Нет, это невозможно. Кто угодно может быть легкомысленным или неосторожным, забывчивым, кто угодно — только не Михайлов. Тут что-то другое; определенно другое. Скорее всего просто стечение подлых обстоятельств —: разве так не бывает? А еще вернее — нежелание подвергать других риску. Почему на опасное должен идти кто-то — не я? Это всегда было главное в нем — брать на себя самое трудное, самое сложное. «Не забывай своих обязанностей», — такое напоминание постоянно висело у него над кроватью. О, эти его обязанности, ни числа им не было, ни предела! Без преувеличения, к нему сходились начала и концы любого предприятия. Когда он успевал делать все то, что он делал? Неутомим, неистощим, вездесущ и всеведущ. Притом все делалось им без натуги, будто он не чувствовал ни тяготы, ни напряжения; никогда он не суетился, не спешил, но за что бы он ни брался, все исполнялось самым совершенным образом. Как он не щадил себя, так же точно был требователен и к другим. «Ты должен, а потому ты можешь!» — не уставал он повторять всем и каждому. В устах кого другого такая фраза почти наверняка вызвала бы раздражение: чего он, дескать, командирствует? По отношению же к Михайлову (хотя подчас он резок был и категоричен) подобная мысль даже не возникала. Он был моложе многих, но его старшинство признавалось безусловно. Все дело тут в том, видимо, что в нем самом не было и тени так ненавистного всем генеральства. Да, он, как никто, умел всецело подчинять себя организации, ее потребностям. Когда он говорил, что если бы организация приказала ему, к примеру, мыть чашки, он принялся бы за эту работу с — таким же рвением, как за самый интересный умственный труд; или — что если бы его вдруг заставили писать стихи, то он не отказался бы и от этого, хотя и знал бы наперед, что стихи выйдут невозможные, — все это были не просто слова: в этом была вся сокровенная его суть.
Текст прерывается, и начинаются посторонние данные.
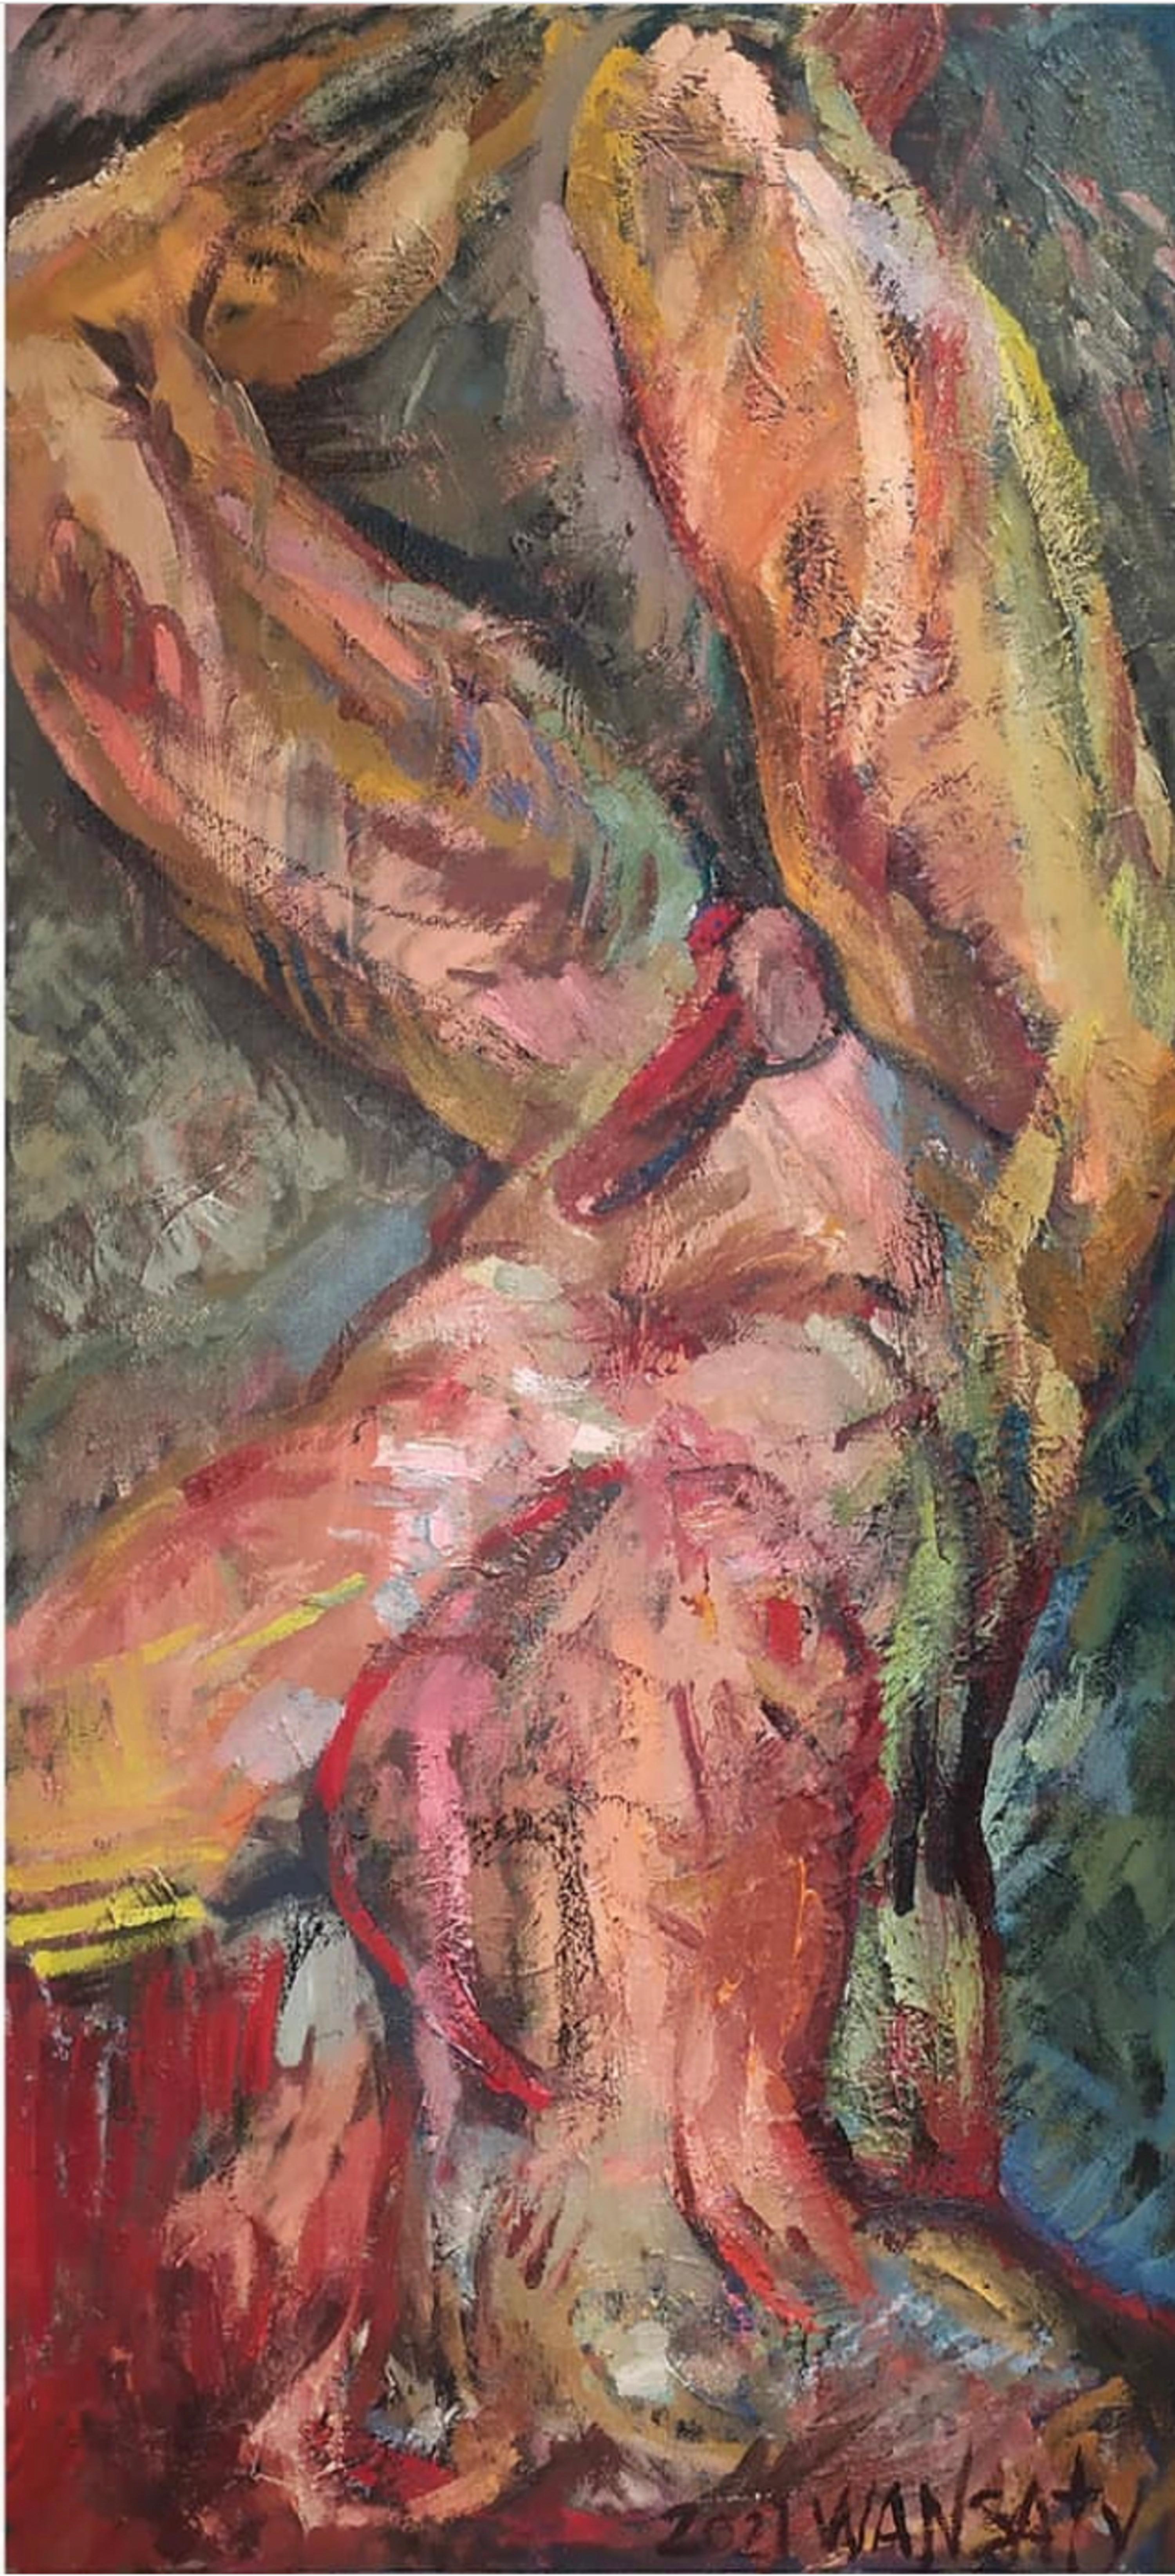 Tatiana Levchenko Nude Painting - Man 1, 120x55cm

Из многих — по разным поводам — доверительных разговоров с ним один особенно почему-то запомнился Соне. Это когда в московском, «сухоруковском», доме он, вспомнив о Соловьеве, сказал вдруг, что больше всего на свете страшится одиночного заключения; это хуже, чем смерть. Тогда она восприняла это его признание чисто эмоционально и потому уловила только верхний слой; да, говорила она себе, одиночество, да еще долгое, совсем не каждый способен выдержать, тут надобен особый склад души… И только теперь, пожалуй, вполне постигла истинный смысл сказанного им. Он потому не мыслил для себя насильного одиночества, что не может работать один. Да, да, все именно так: его стихия— сплоченная, объединенная мысль и воля, здесь он черпал силы, и веру в победу, и умение быть незаменимым в любом стоящем начинании. Удивительная ясность и последовательность была присуща ему во всем. Не разбрасывался по сторонам, не уходил в мелочи, тотчас схватывал сердцевину вопроса, — как ему удавалось это?.. Ах, Саша, милый Саша, знал бы ты, как не хватает нам тебя… твоего ума и твоей опытности… и вечно озабоченного твоего строгого прищура, который делает тебя много старше неполных твоих двадцати пяти… Что и как теперь будет без тебя?
Первая забота Исполнительного комитета теперь — Клеточников, которого Михайлов берег пуще глаза своего. Встречи их происходили на особо секретной квартире, где поселилась средняя из сестер Оловенниковых — Наташа. Наташу не загружали никакими больше делами, да и жила она совершенно затворнически. Квартиру посещали лишь два человека: «жених» Клеточников и Михайлов под видом «дяди». Но случилось так, что вскоре после ареста Михайлова тяжело заболела Наташа, — квартиру пришлось ликвидировать. Сейчас для свиданий назначена квартира Колодкевича, что и само по себе небезопасно (ведь Колодкевич вел с десяток и иных дел, по каждому из которых легко мог оказаться на полицейском «крючке»), вдобавок — не один он встречался с Клеточниковым, а и Баранников, и Корба, и Желябов, — словом, многие, слишком многие. Это откровенно пугало Соню. Она не раз затевала разговор, что нужно — как прежде, при Дворнике — нанять специальную квартиру и поселить там специального челрвека. Да, соглашались с нею, нужно, очень нужно; но вплотную так никто и не занялся этим…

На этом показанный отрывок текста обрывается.